The growing-up words at my grandmother’s feet
Half Tree Hollow, Francis Plain, The Briars, Prosperous Bay,
Dogwood, albacore, plo. Sounds of romance, adventure, wildness –
prickly pear whisky for ones they saved from the Papannui,
the Spangareid that to her and my wonder, burnt in the harbour for a week.
Her old photos of picnics, cousins, my mother’s long gone father,
the colour postcard with Mount Pleasant, her well-married sister’s
country house looking over the family flax destined for post office string,
then down fields and hills beyond the rocks rose Lot and Lots wife
volcanoes once, now a jag and a crag through the pure blue.
I grew up on this small island in stories, visions, memories
the vividness outdid south west London and our worn-thin lives,
in spite of Richmond Park in all its gentle space and English trees.

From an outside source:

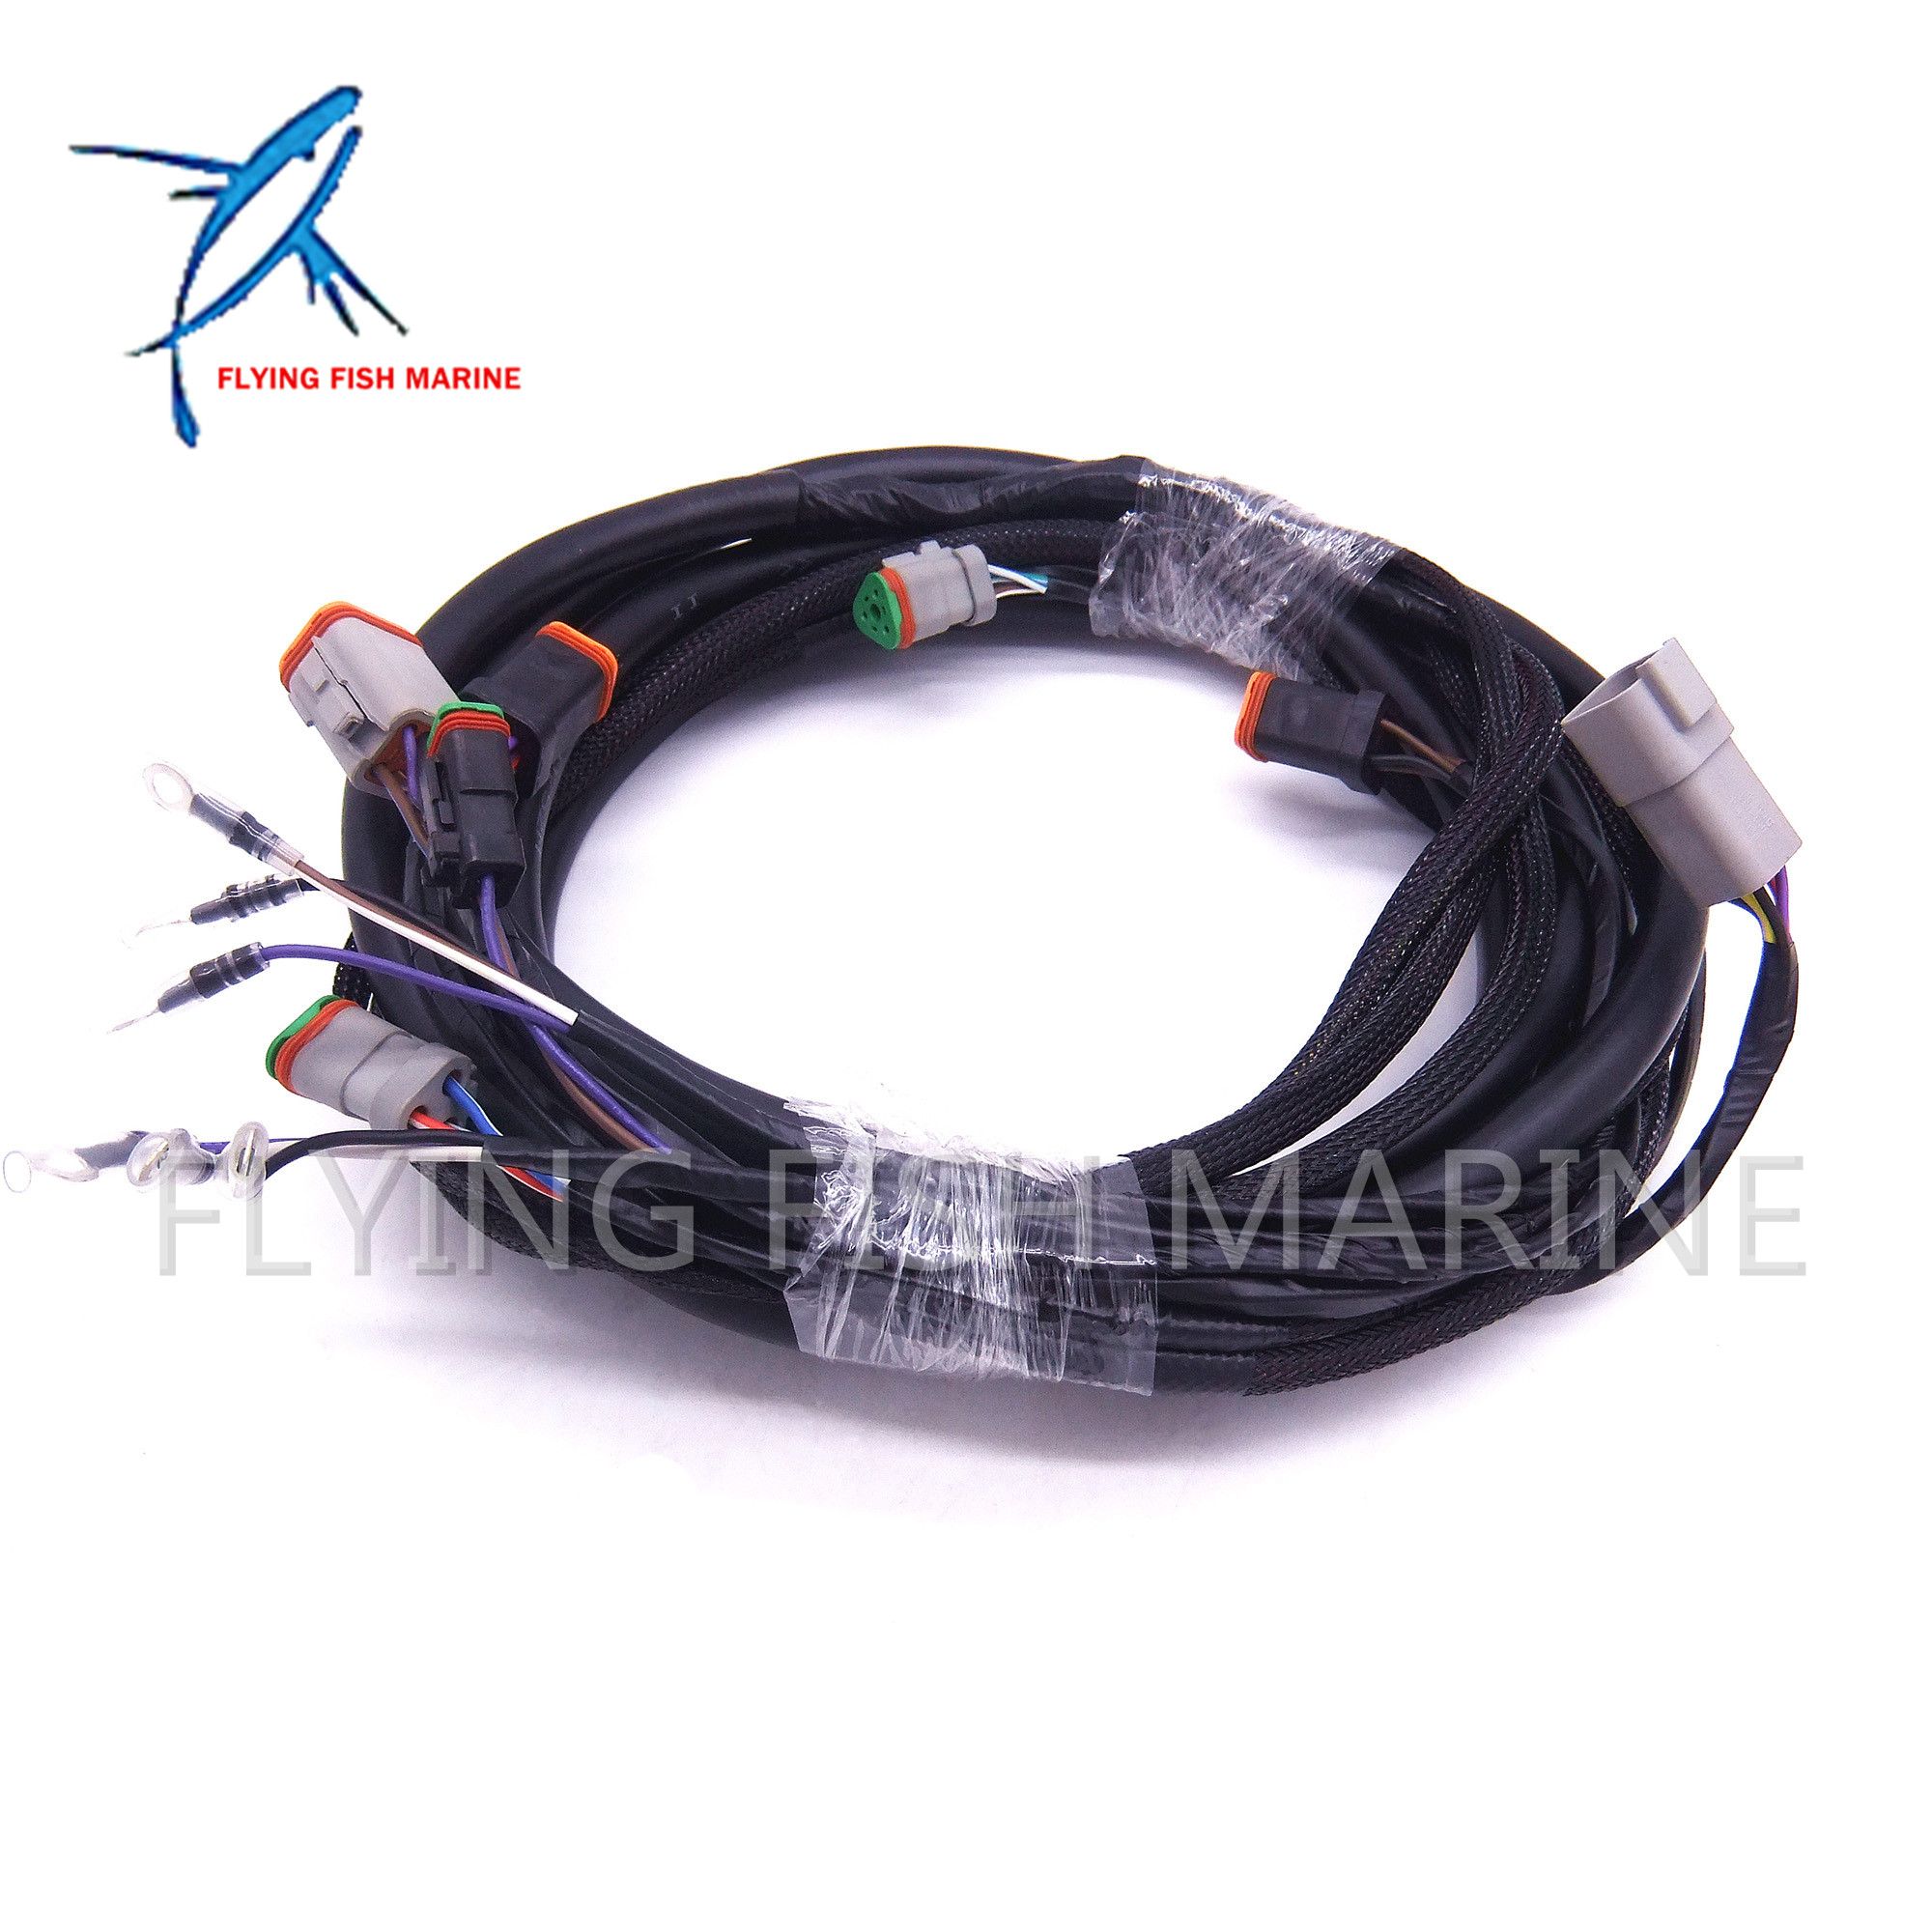 medium resolution of evinrude wire harness wiring diagram centre internal engine wiring harness evinrude johnson omc 1969 55 hp new

This excitement of remoteness and simple glories.
My mother the adventurer, took off at 3 years old on a wild climb,
dragging her small body up 300ish steps of Jacob’s Ladder.
The full 699 steps up to the barracks or paradise.
At Christmas the donkeys came into Jamestown with baskets full of Arum lilies.
She got an orange, an apple, and sometimes new shoes.
Auntie Beryl, an ‘island girl’ (weren’t they all island girls?)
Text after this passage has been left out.